*INFORMATION SUPPLIED*
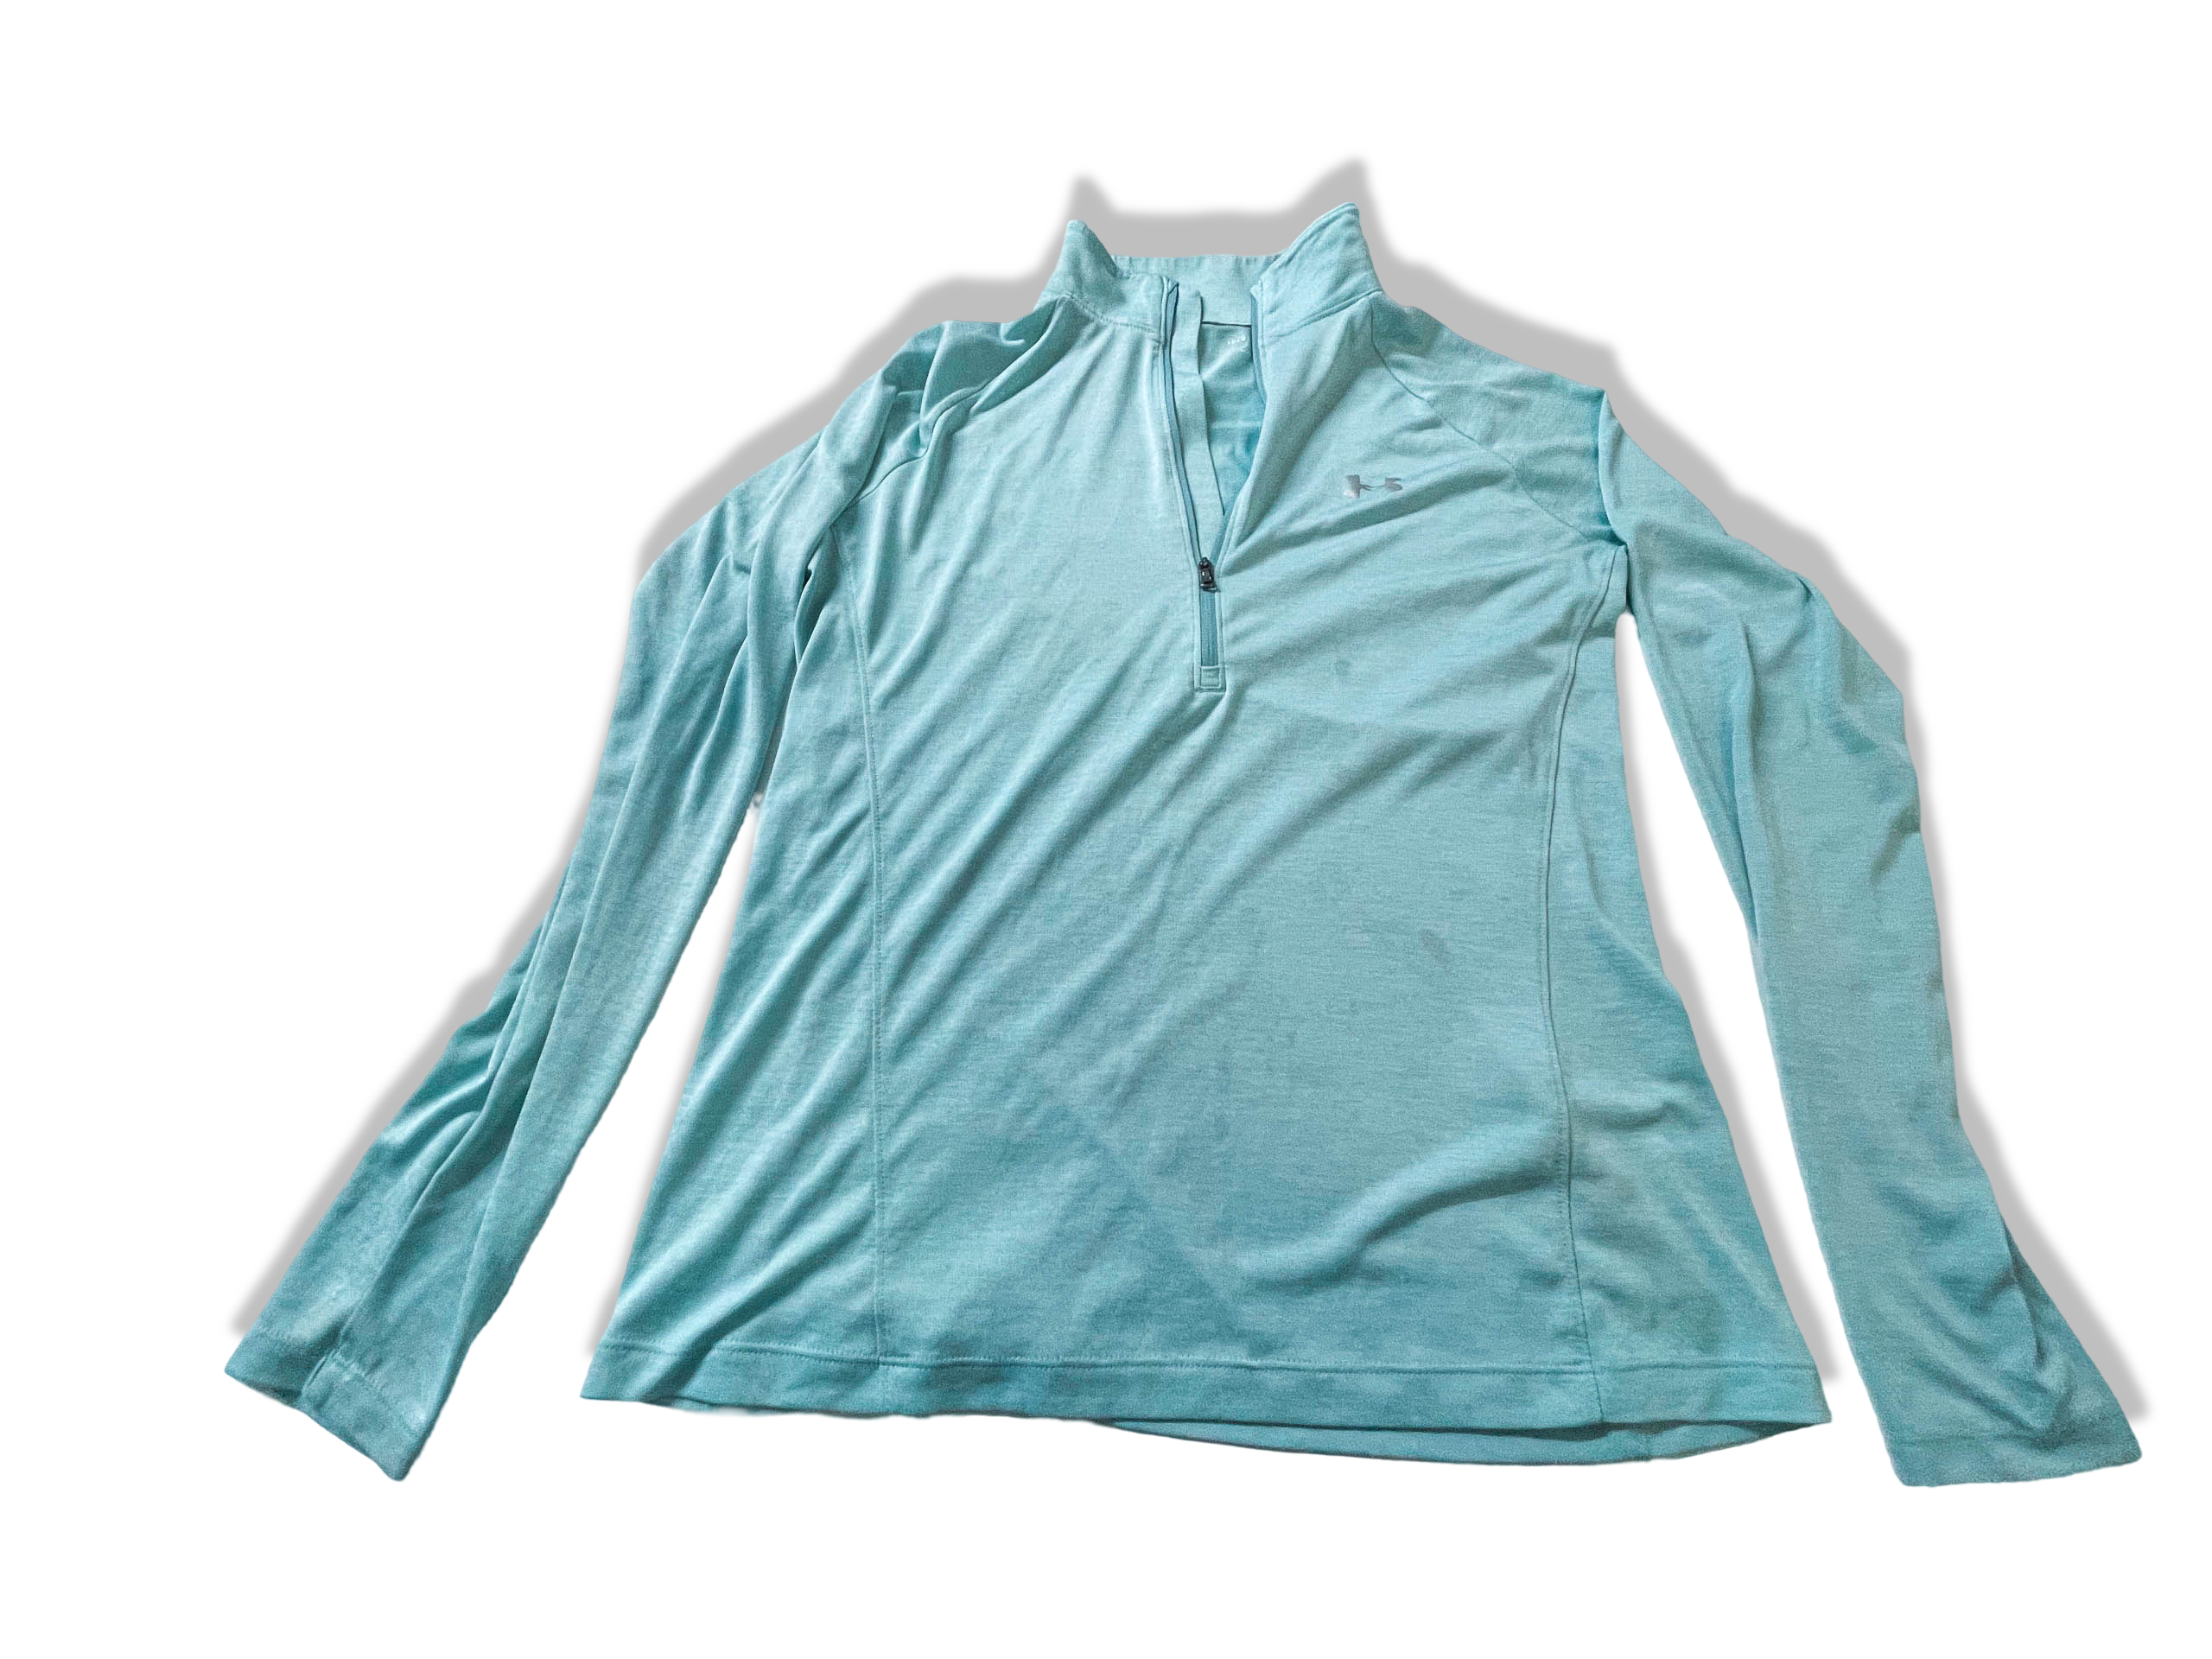 Vintage women's Under Armour 1/4 zip high neck blue sweatshirt in L |L26 W18|SKU 3960
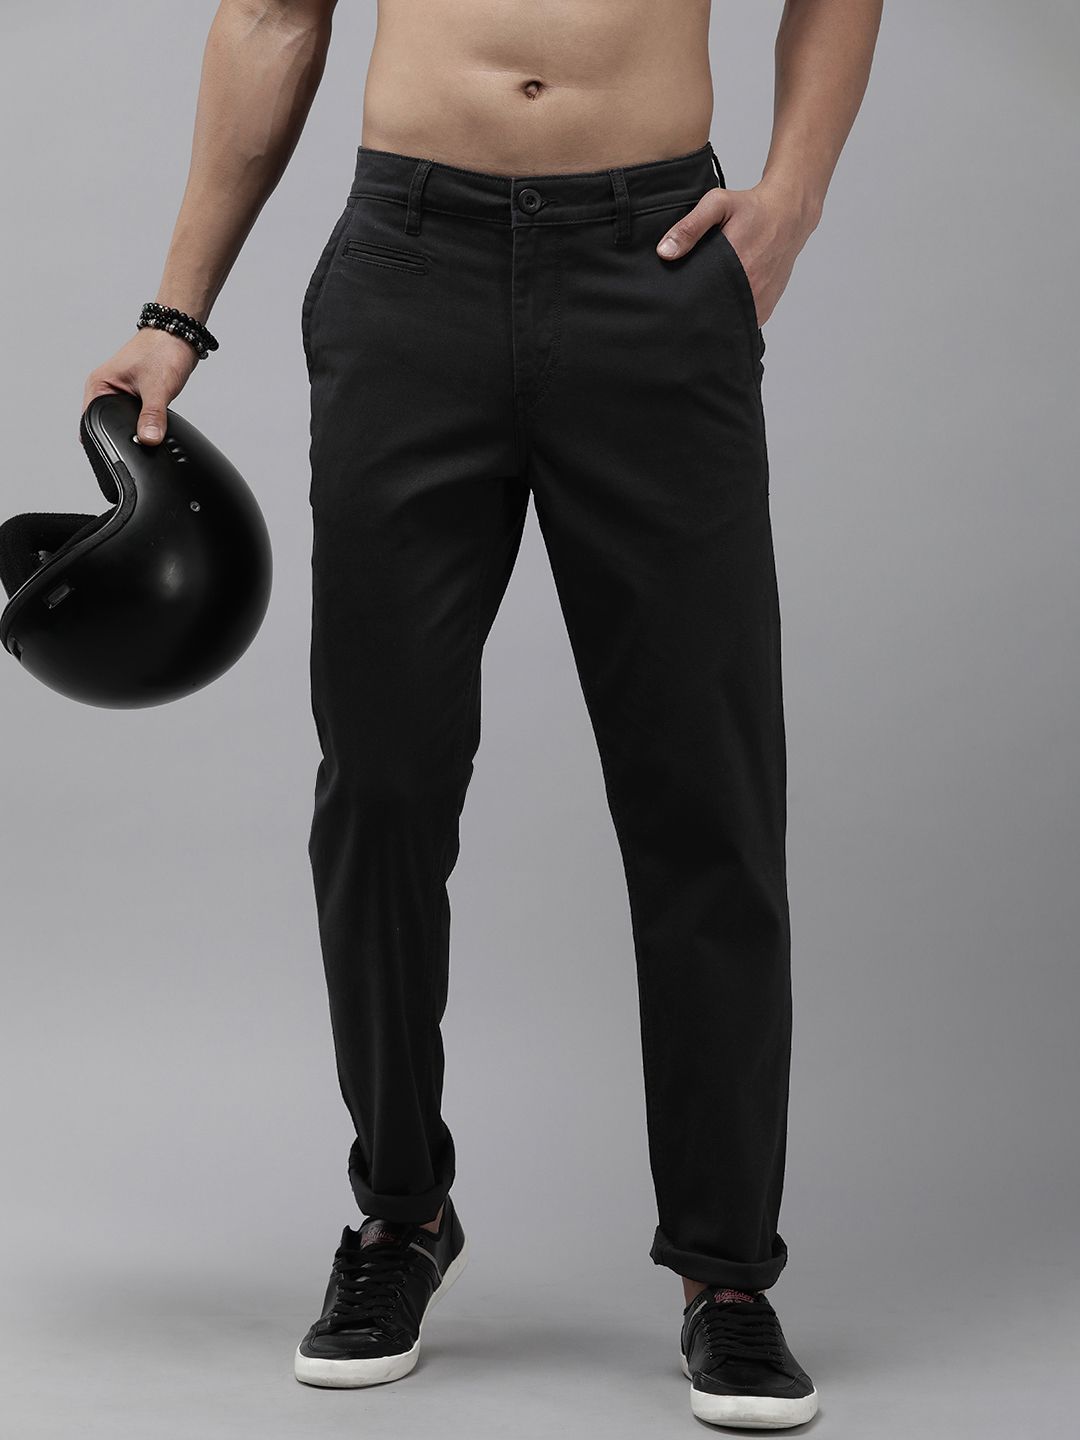 Buy Roadster Black Trousers Online In India
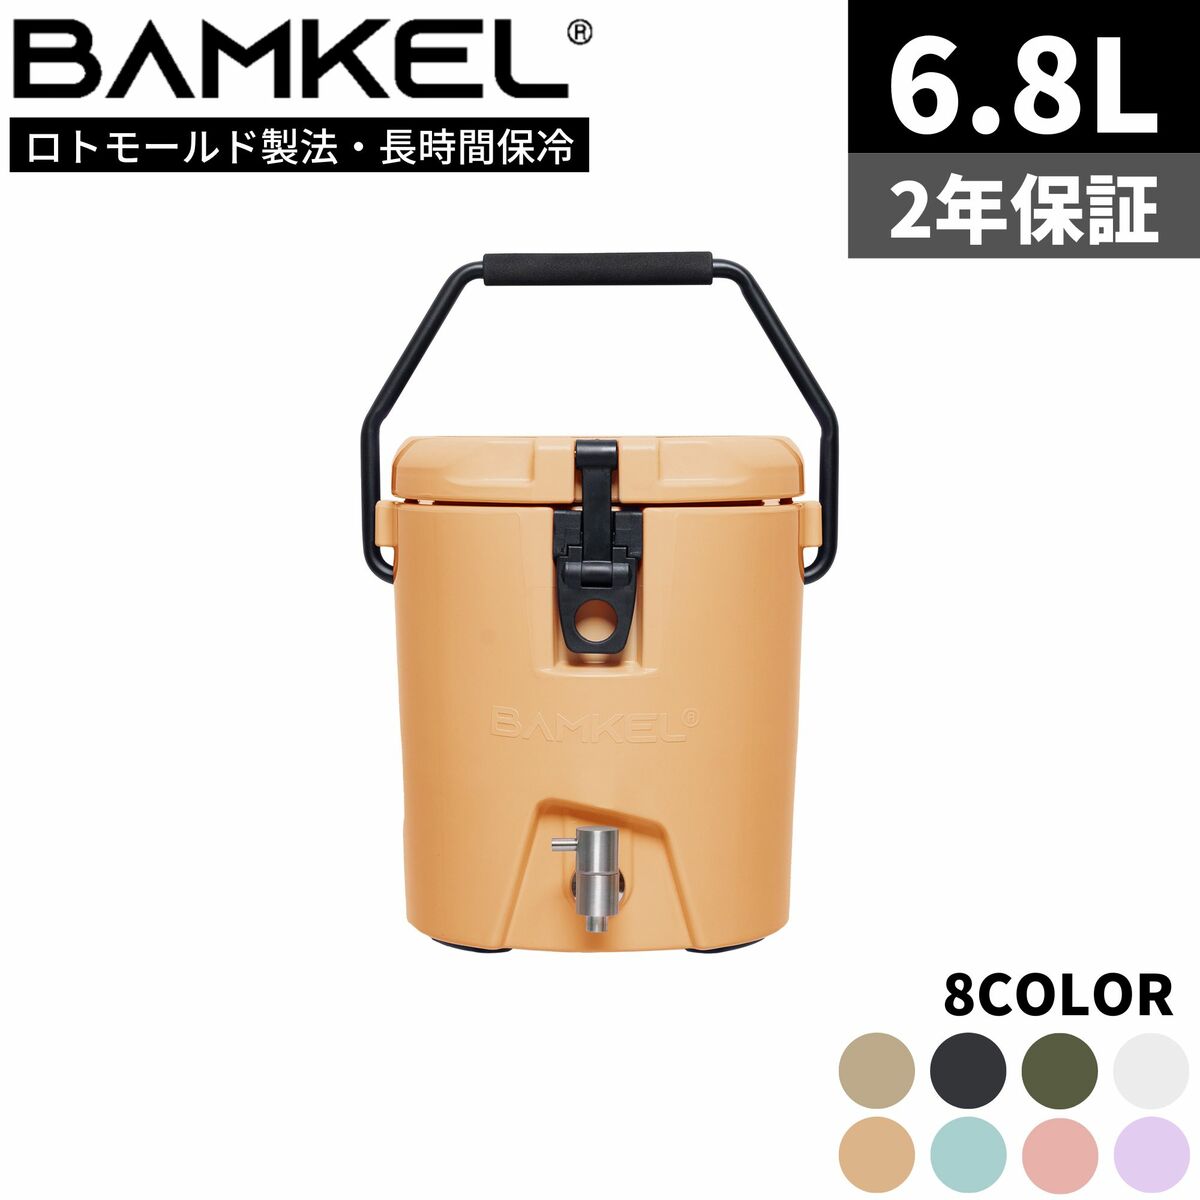 BAMKEL バンケル ウォータージャグ 6.8L 長時間 保冷 選べるカラー サイズ 高耐久 アウトドア キャンプ 韓国ブランド ライトブラウン 正規品
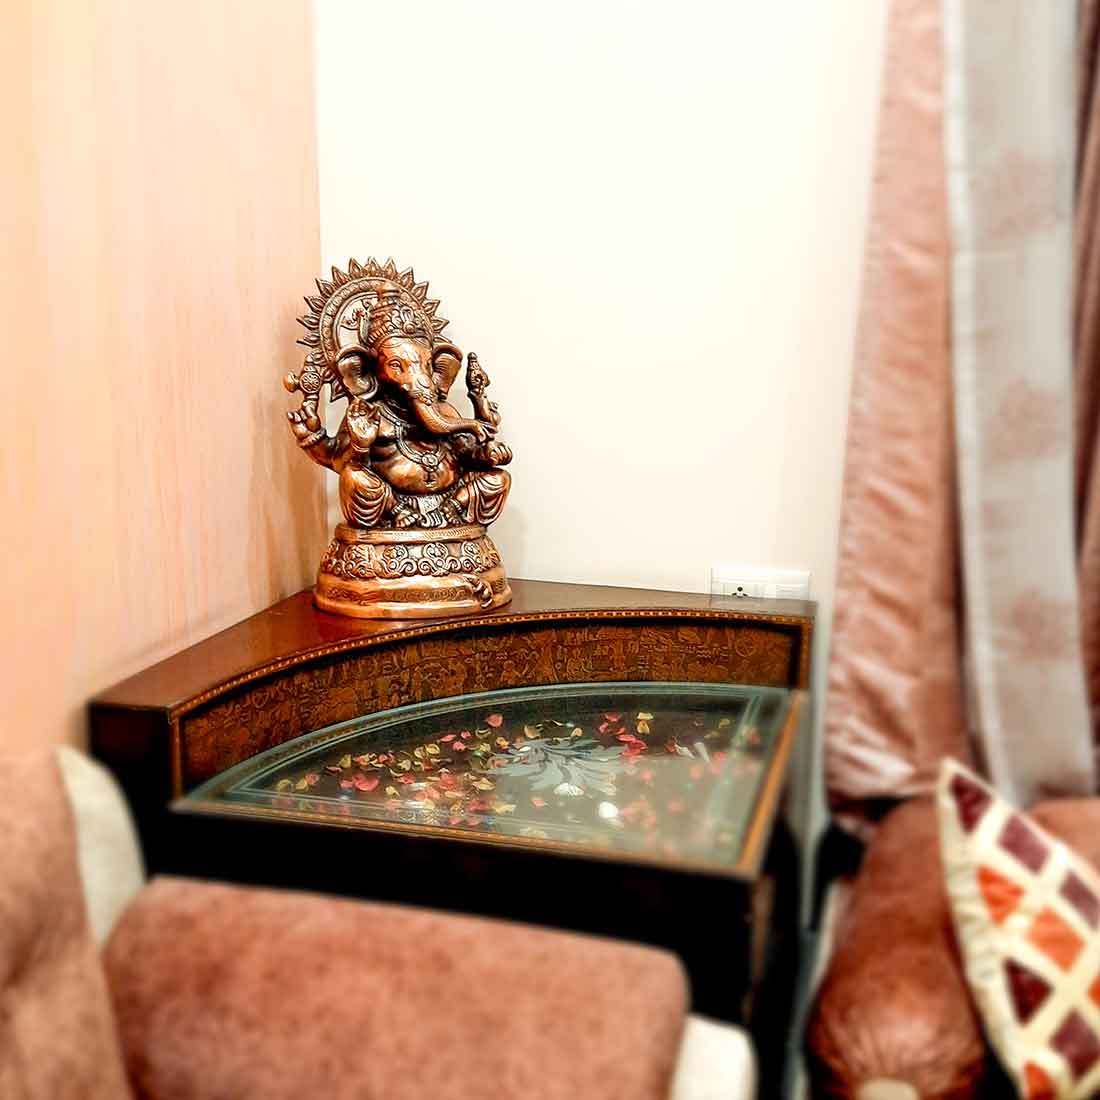 Ganpati Idol | Ganesha Statue - for Pooja, Home and Gifting - 21 Inch- Apkamart

*THE PROBLEM*
Begin at the line containing "Buy Roadster Black Trousers Online In India" and stop at the last line of the data. Repeat only those lines, exactly, and leave out the pictures.

*RESPONSE FOR THIS EXERCISE*
 Buy Roadster Black Trousers Online In India
 BAMKEL バンケル ウォータージャグ 6.8L 長時間 保冷 選べるカラー サイズ 高耐久 アウトドア キャンプ 韓国ブランド ライトブラウン 正規品
 Ganpati Idol | Ganesha Statue - for Pooja, Home and Gifting - 21 Inch- Apkamart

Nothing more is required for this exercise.